GIVEN DATA →
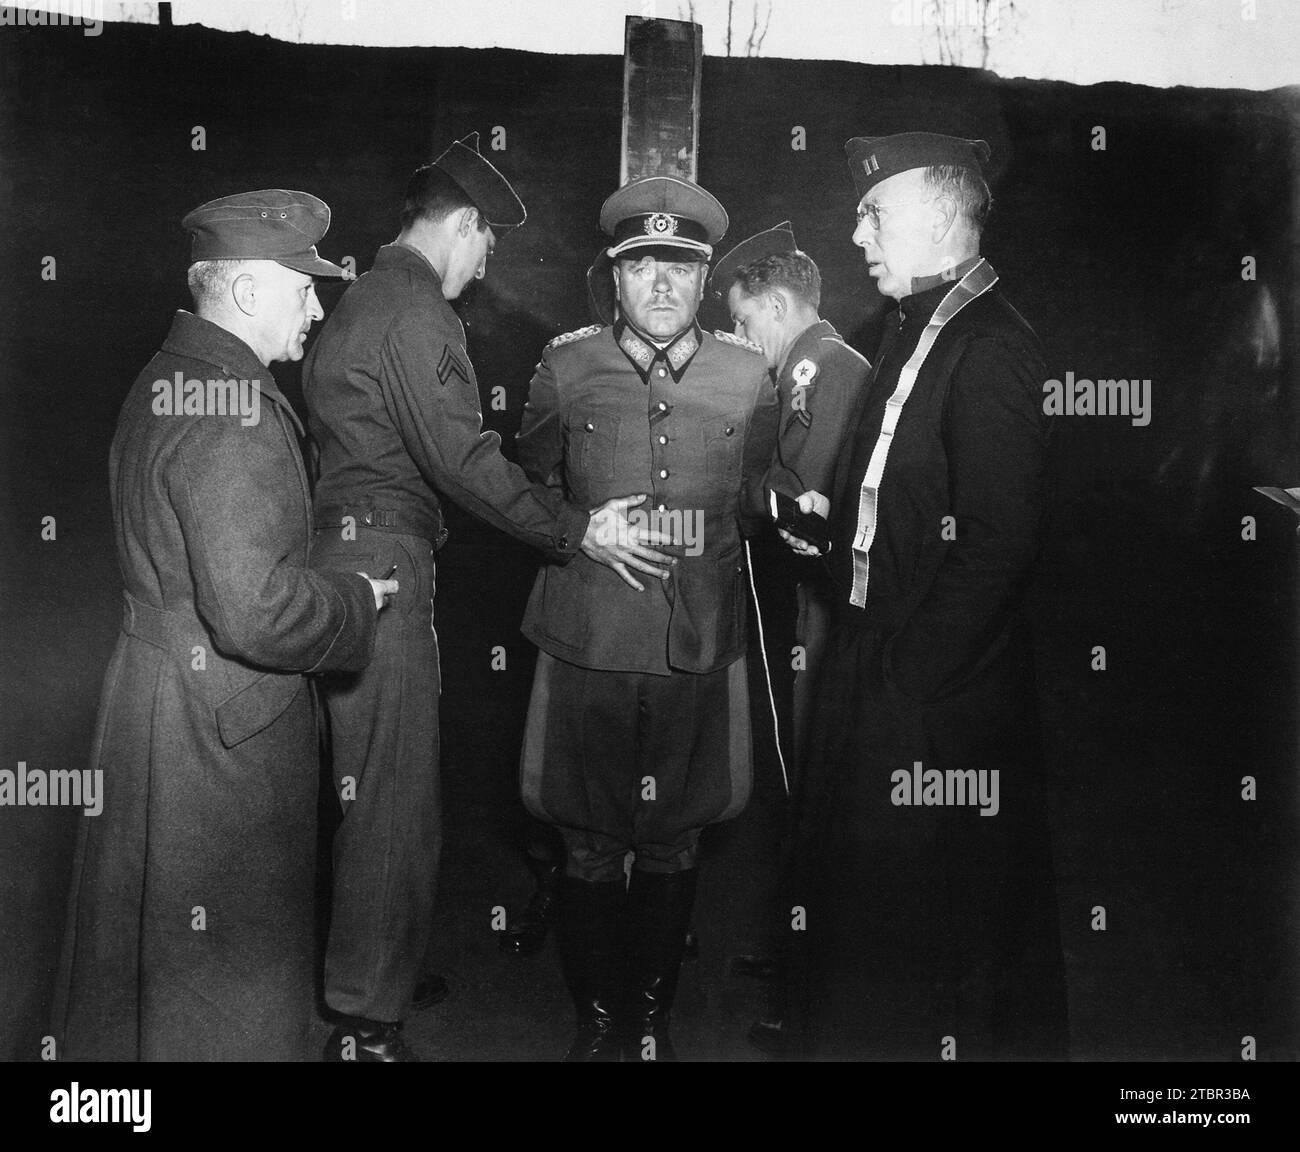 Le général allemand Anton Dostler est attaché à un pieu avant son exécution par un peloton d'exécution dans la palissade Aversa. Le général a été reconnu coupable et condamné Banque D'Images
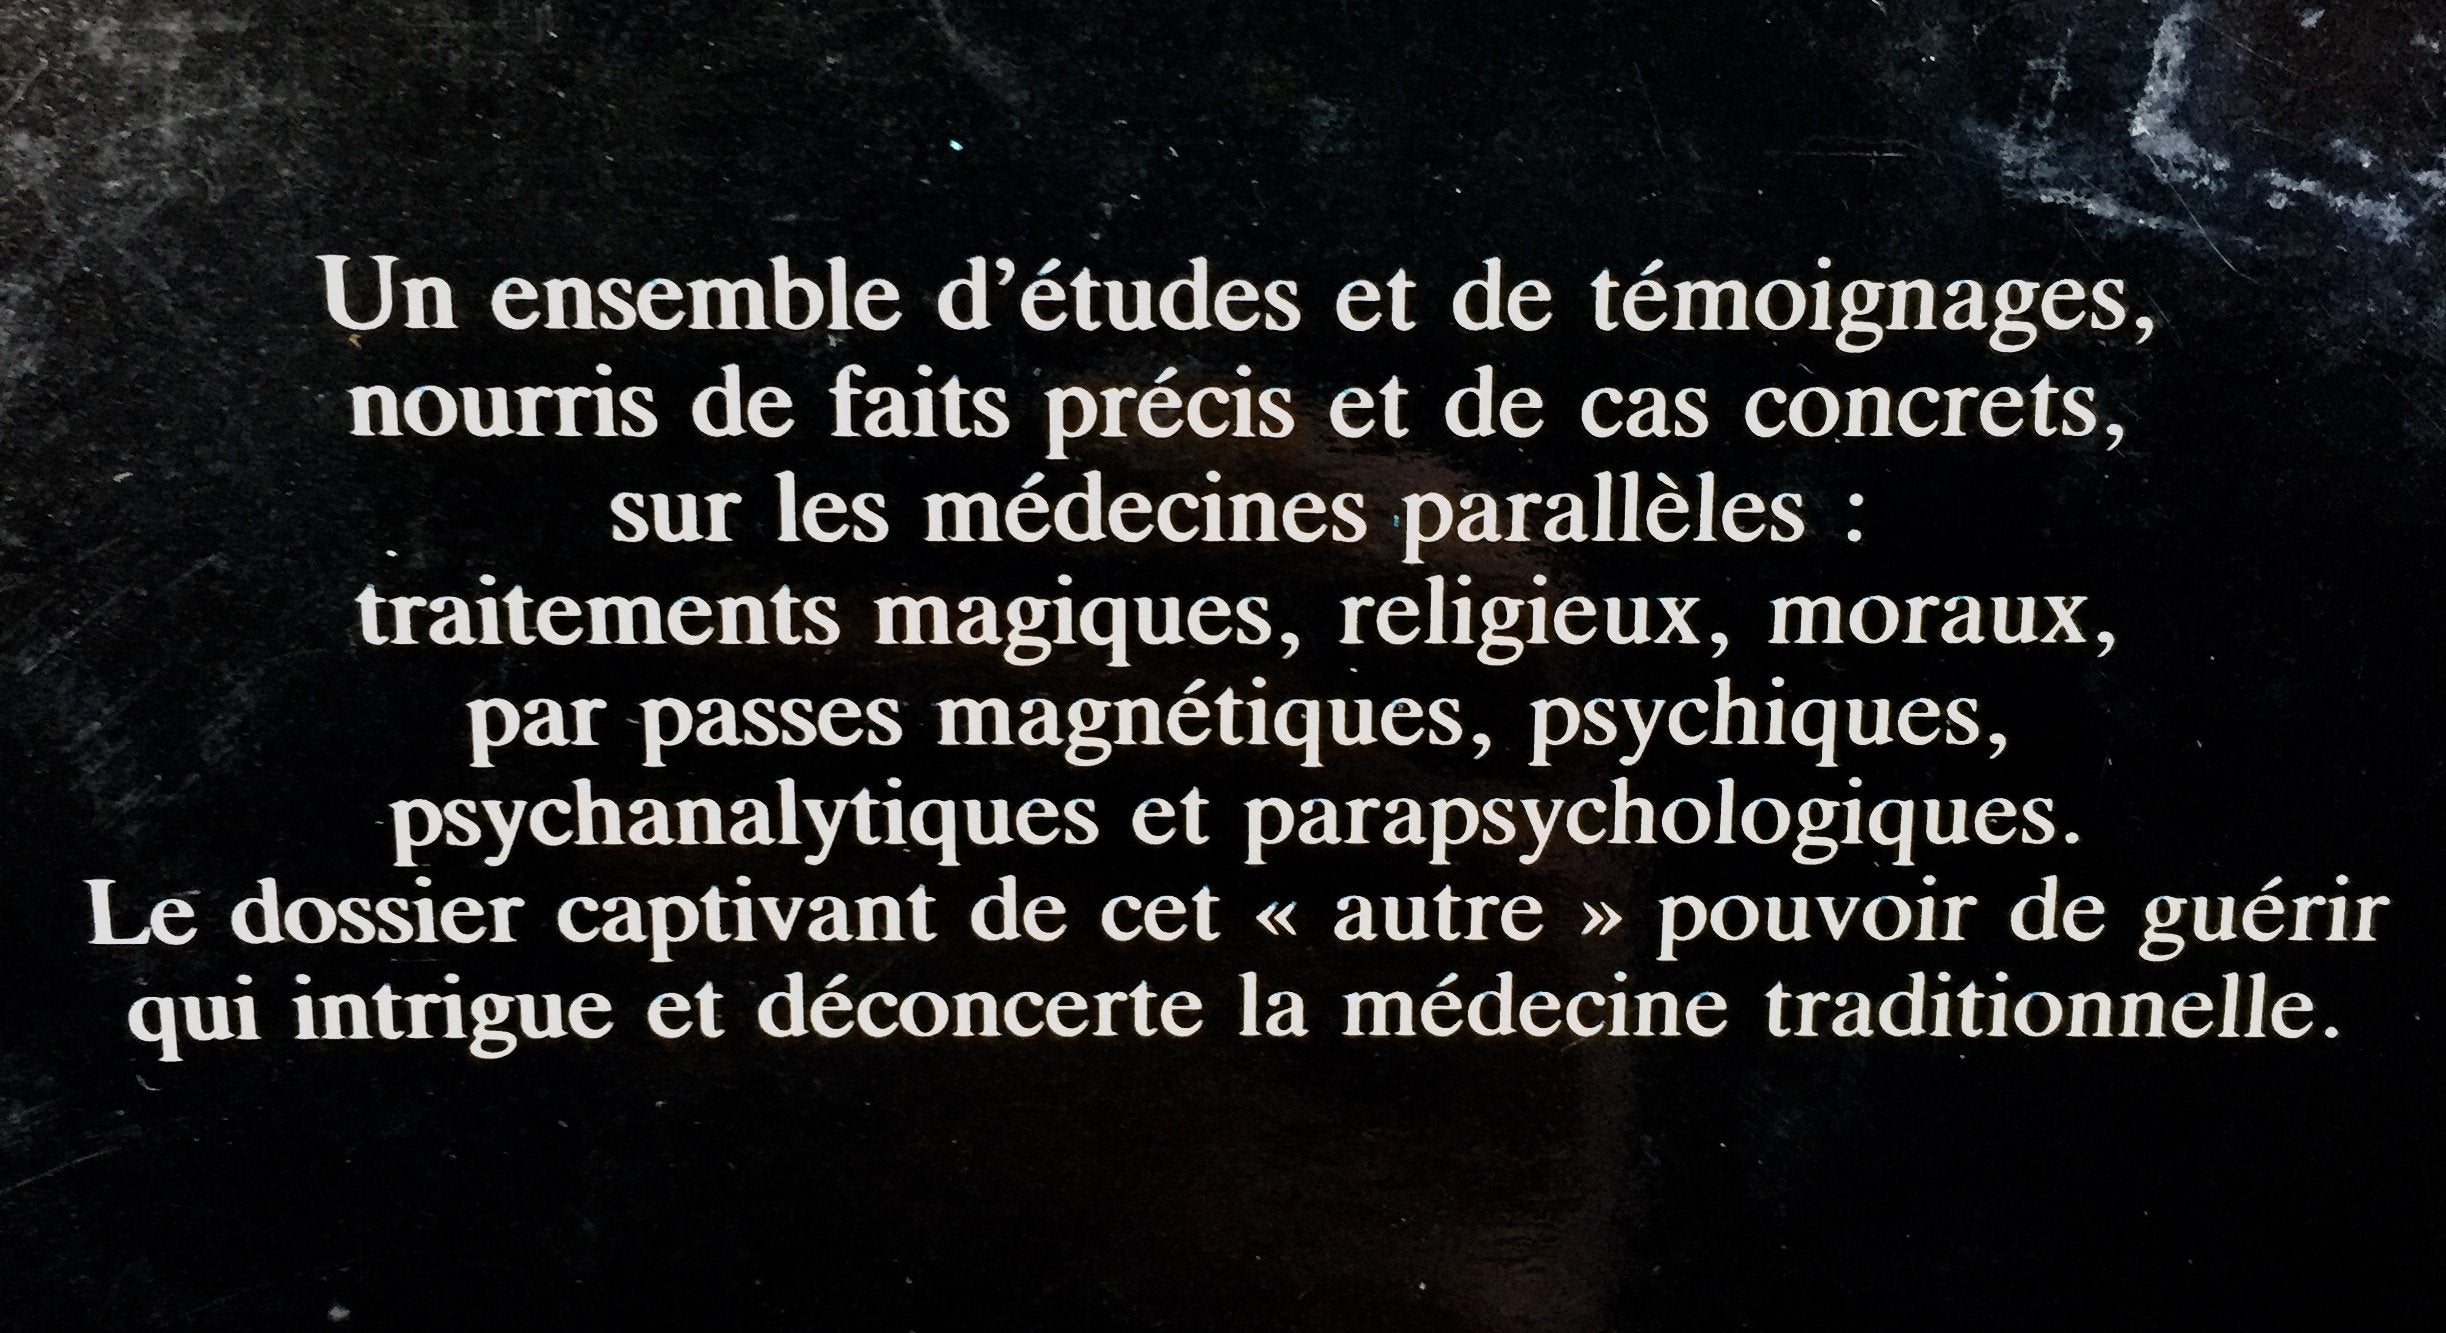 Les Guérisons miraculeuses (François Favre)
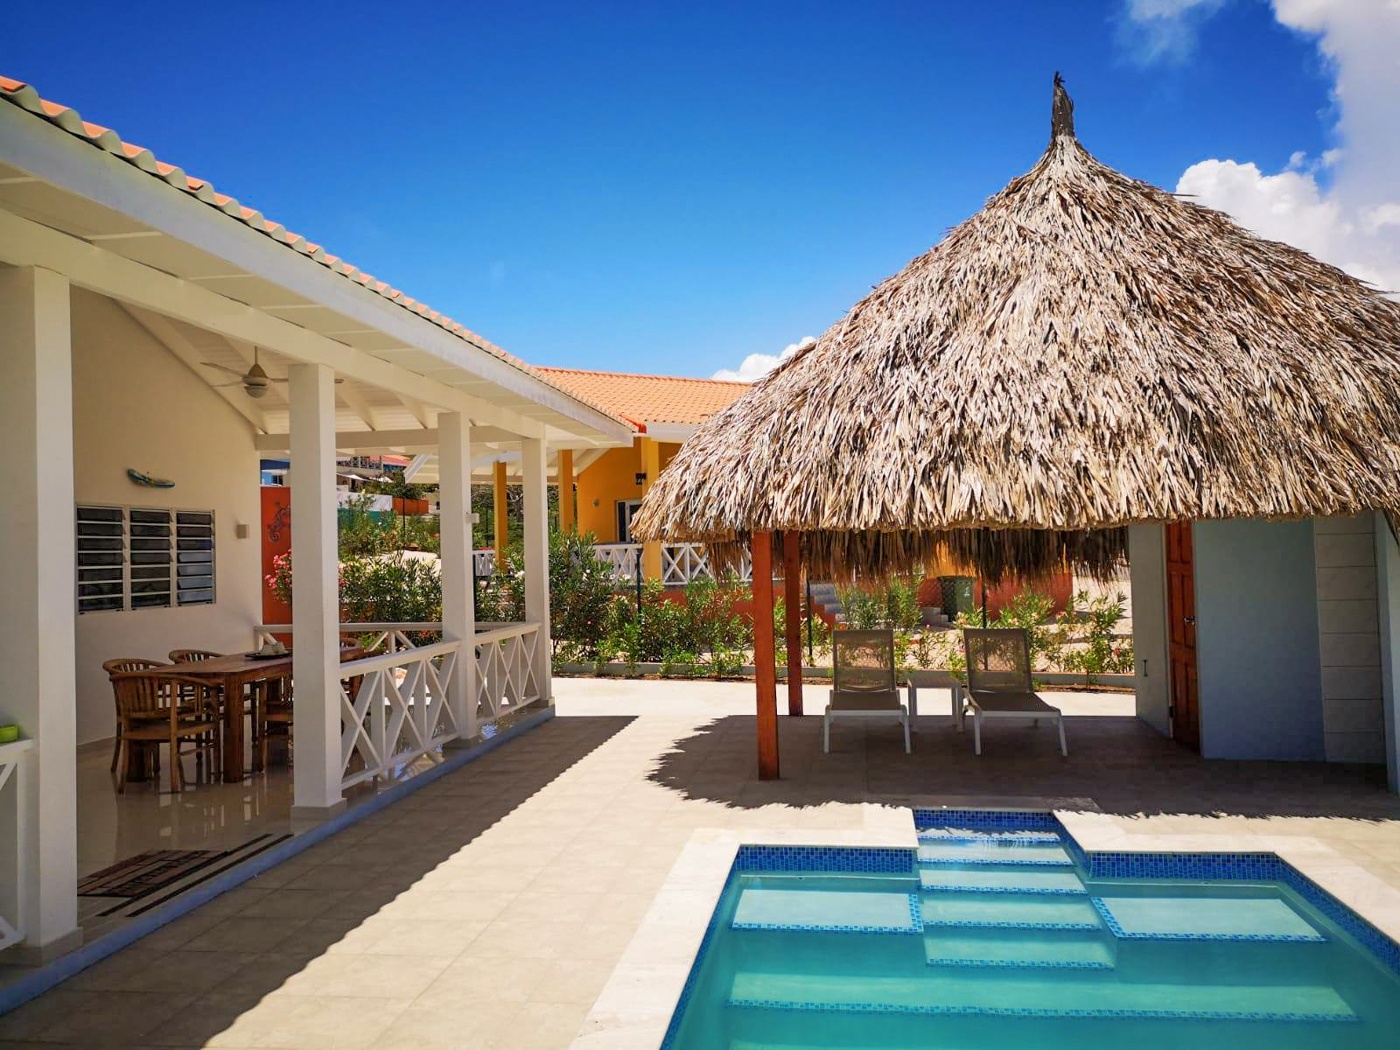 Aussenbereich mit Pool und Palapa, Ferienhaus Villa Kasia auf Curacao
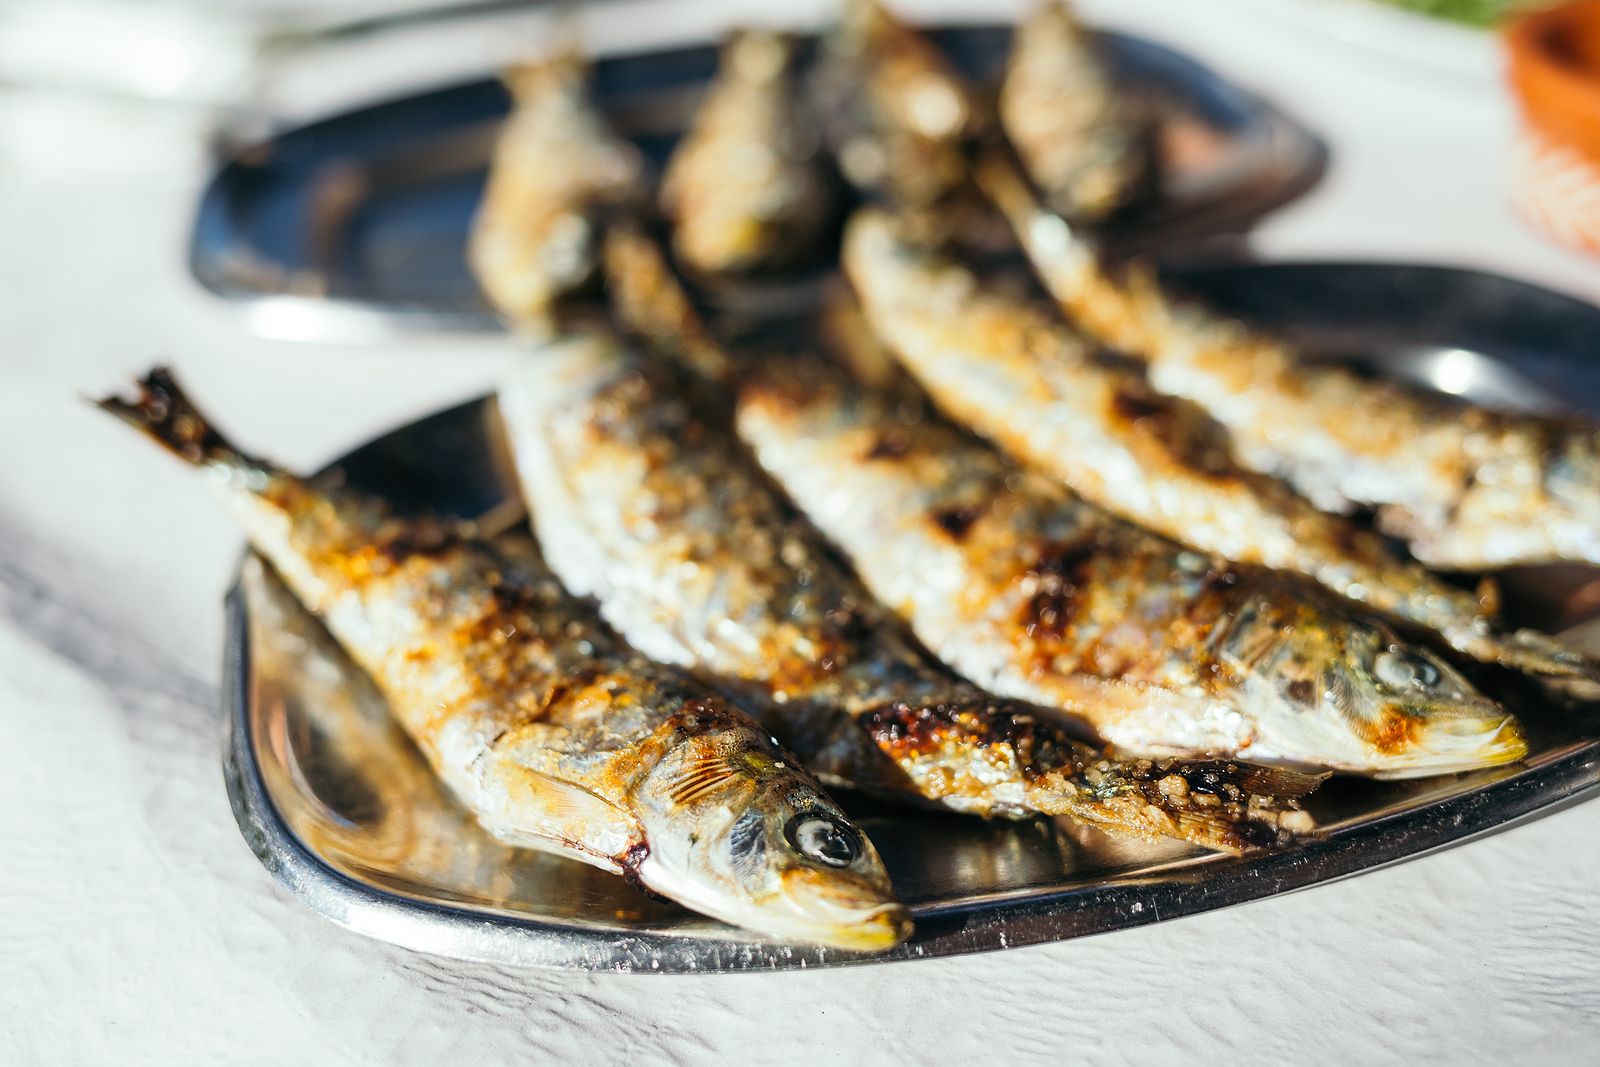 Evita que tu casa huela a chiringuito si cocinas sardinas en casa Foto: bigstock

WORK INSTRUCTION →
Print the data once more without any change, skipping each picture.

ANSWER TO THE PROBLEM →
 Le général allemand Anton Dostler est attaché à un pieu avant son exécution par un peloton d'exécution dans la palissade Aversa. Le général a été reconnu coupable et condamné Banque D'Images
 Les Guérisons miraculeuses (François Favre)
 Aussenbereich mit Pool und Palapa, Ferienhaus Villa Kasia auf Curacao
 Evita que tu casa huela a chiringuito si cocinas sardinas en casa Foto: bigstock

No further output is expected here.